Лорд Родни Уимбрел вошел в палату лордов.
Он переживает (возможно, под влиянием Джеффри), что давнее послание, которое так и не дошло до его отца, может всплыть и опозорить доброе имя семьи.
Джеффри намерен управлять карьерой Родни так, как ему заблагорассудится, возможно надеясь на этом нажиться или исключительно ради наслаждения властью.
Поэтому он, не гнушаясь нарушением закона, берет на себя (вместе со своим другом из низших слоев общества) задачу перехватить угрожающее его планам сообщение.
Не найдя сообщения, Джеффри и его напарник похищают миссис Таппер. Лорд Родни Уимбрел, «приятный, добросердечный джентльмен», скорее всего, расстроен таким поворотом событий, но ничего не предпринимает, поскольку он «печально слабохарактерный».
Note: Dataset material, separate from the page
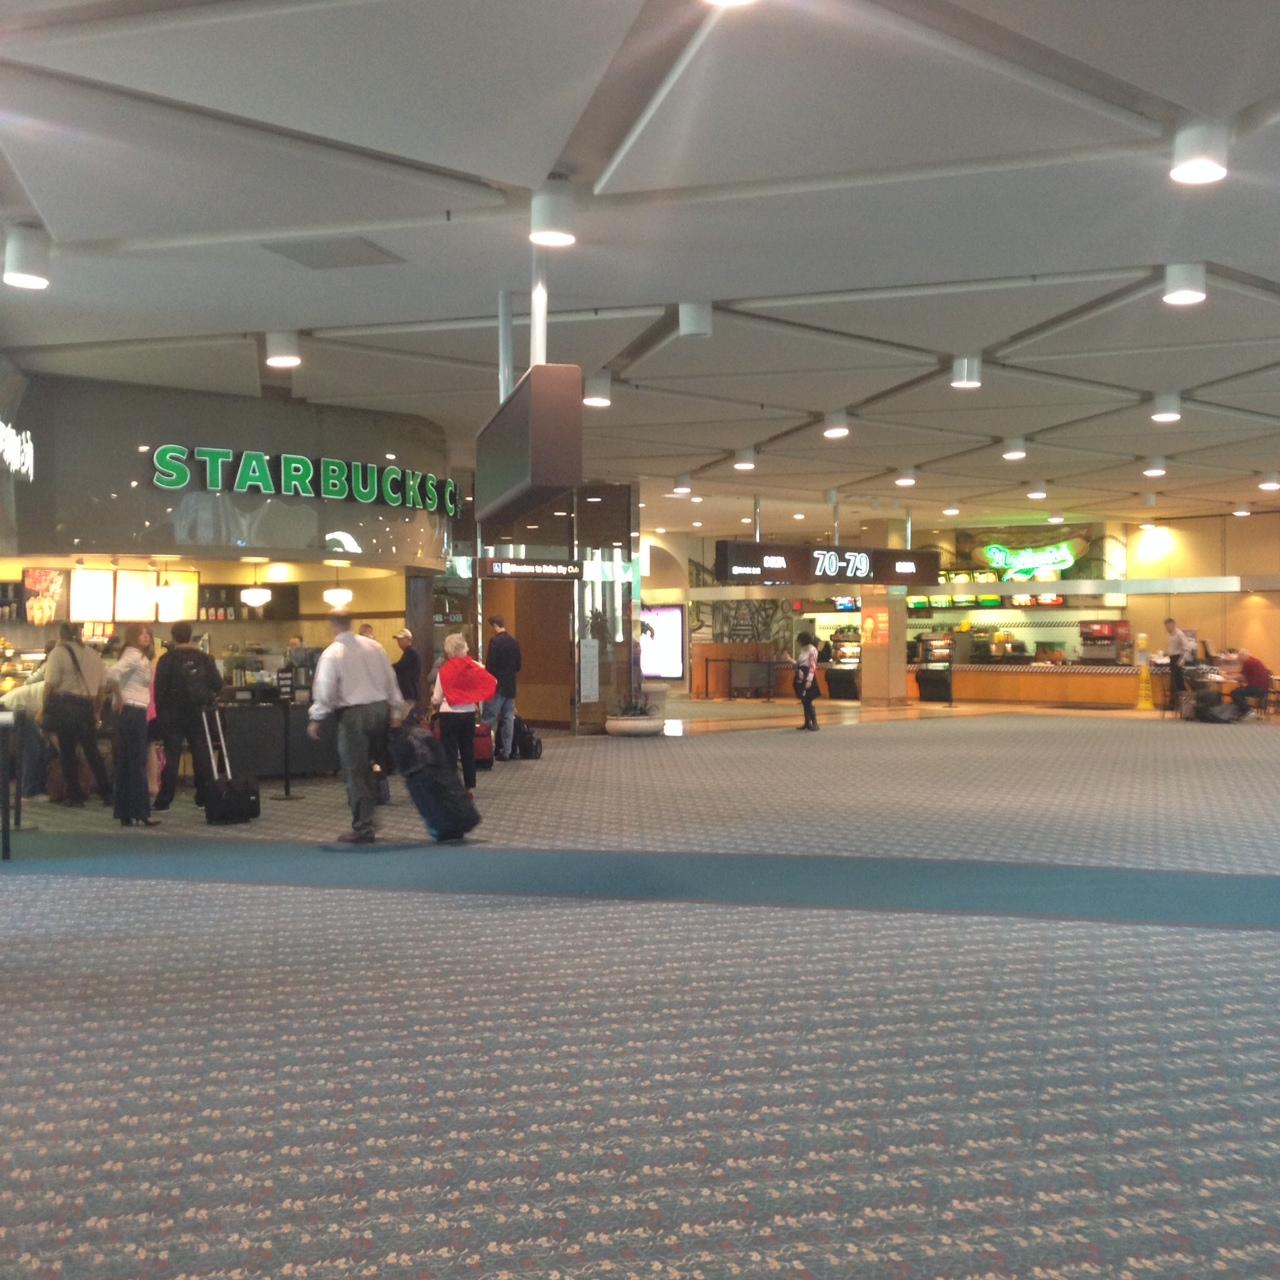 Starbucks-in-the-terminal.jpg

Возможно, если я, Энола Холмс, поговорю с ним об этом, он...
Тут, как по команде, обнищавший седобородый джентльмен вновь появился из-за угла железной ограды Уимбрел- холла.
Да. Так я и думала.
И все же решила еще немного выждать.
Пожилой зевака, похоже, обошел вокруг участка и теперь, прихрамывая, начал второй круг. Как я и подозревала, уходить он пока не собирался.
Мой страх был вполне оправданным. Как не бояться последствий того, что я собираюсь сделать? Однако когда старик подошел ближе, на душе у меня потеплело, а по лицу расплылась улыбка.
Выпрямившись как солдат и высоко подняв голову, я шагнула вперед и прошла мимо седого бородача, размахивая своей кожаной сумкой, чтобы он точно меня заметил, хотя сама на него не взглянула. Пройдя по освещенной факелами дорожке перед особняком и смело поднявшись на мраморное крыльцо, я постучала в громадную дверь из красного дерева.
Открыв сей портал, дворецкий посмотрел на одинокую, скромно одетую старую деву с большим презрением, чем если бы перед ним появилось омерзительное насекомое, и ничего не сказал.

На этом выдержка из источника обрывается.